Winter can be a tough time to be a bike racer. Yeah, it’s cold and the weather is crap and all that. But the bit about not racing is the worst. Not that the racing season isn’t long enough. Last year, begrudging start line speeches from USA Cycling officials started at the beginning of March. By July, I was so fried that top-20 finishes excited me. So when I was still racing in September, October’s rest month seemed like it would be an extended stay in a 5-star hotel. And it was. Riding only when it sounded fun. Alcohol whenever the mood struck – even if it was on the way to the ride. Whatever. Damn. Food. I. Wanted. And November’s training wasn’t all death marches to drum beats. A few hours a day. An interval or two here and there for good measure. Some gym work to feel all Manly ‘n Shit. A winter of this? Awesome.
Time away from competition is like trying to replicate evolution by taking an eel out of the ocean and telling it to grow legs. And lungs. Then build a house. I’ve been managing, I suppose, but it’s more by way of distraction than anything else. Training is synonymous with relative performance: when I clamp the bike to the trainer, I wonder if I’m doing enough. Am I working hard enough? Am I doing enough hard work? Am I resting enough? Did that second coke go to my cankles? Did I eat enough to make sure the effort didn’t go to waste? Who ate better? Who trained better?
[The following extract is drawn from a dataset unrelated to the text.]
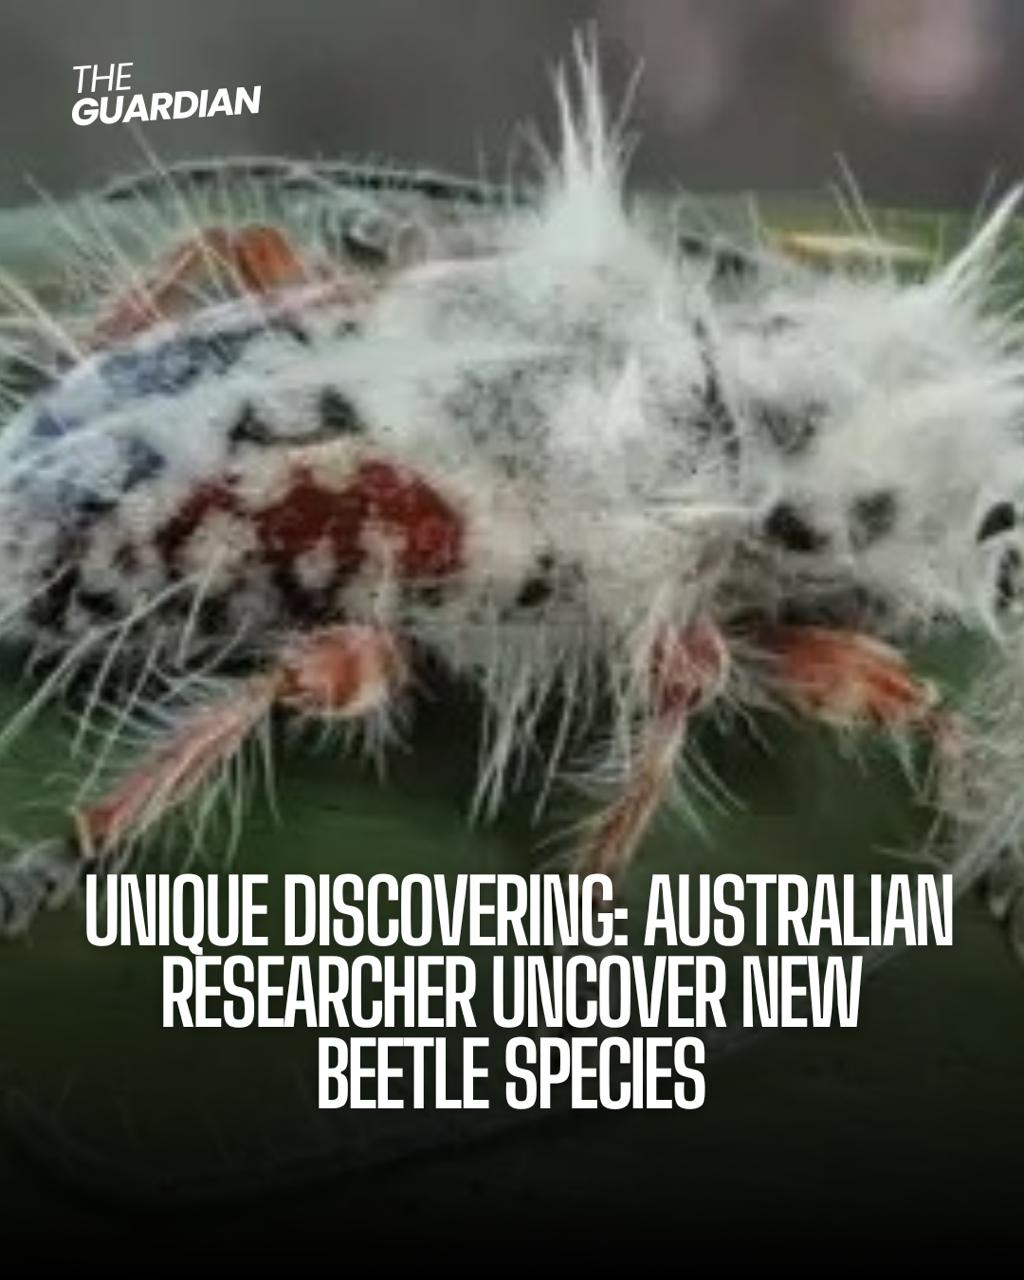 What's red, black, and hairy all over? A recent species of bug found in Australia, dubbed by a few as a "punk beetle" for its fuzzy white locks.

I am a carnival of insecurity. So much for Manly ‘n Shit.
No sin is safe and no good deed goes unpunished. In April, I will know where I stand. I will have found my way to finish lines with hundreds of other racers and done well or not. But in February, it’s all anxiety and nerves and second guessing.
And so I’ve been filling my time with Other Things. There are things Out There that are interesting and aren’t bike racing. Who knew? I now own a Triumph motorcycle, which is like earning a degree in electrical engineering every day. And I fixed up my Suzuki so that I have a motorcycle to ride. I started a blog. And I’ve been exploring some of the, previously wholly unbeknownest to me, finer establishments the area has to offer. And some of the not-so-fine. And I have a renewed interest in cars. Of all things… cars? The last time I was interested in a nice car was. Erm. I got my motorcycle license in… 2004? The Lady is even helping with my wardrobe.
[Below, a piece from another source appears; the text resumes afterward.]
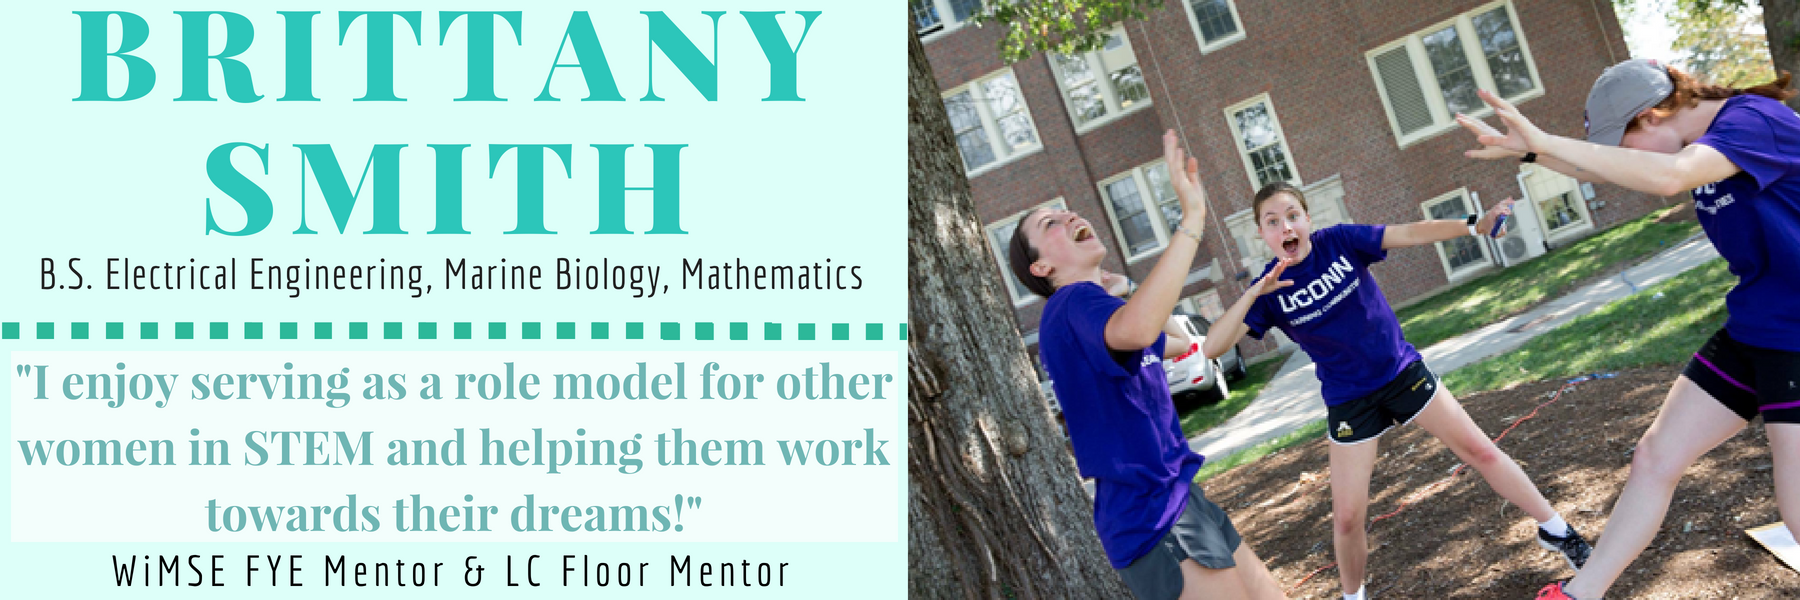 Brittany Smith Why I mentor

Shut up. At least I know I can’t dress myself.
It almost resembles balance. And I’ve heard that balance is a pretty healthy thing. That should make me faster, right? Black Hills is March 25th. Then I can start beating myself up for not having sprinted harder or for letting that gap open. But at least if will be something I can process. And maybe I’ll hang on to a couple of these other neat discoveries.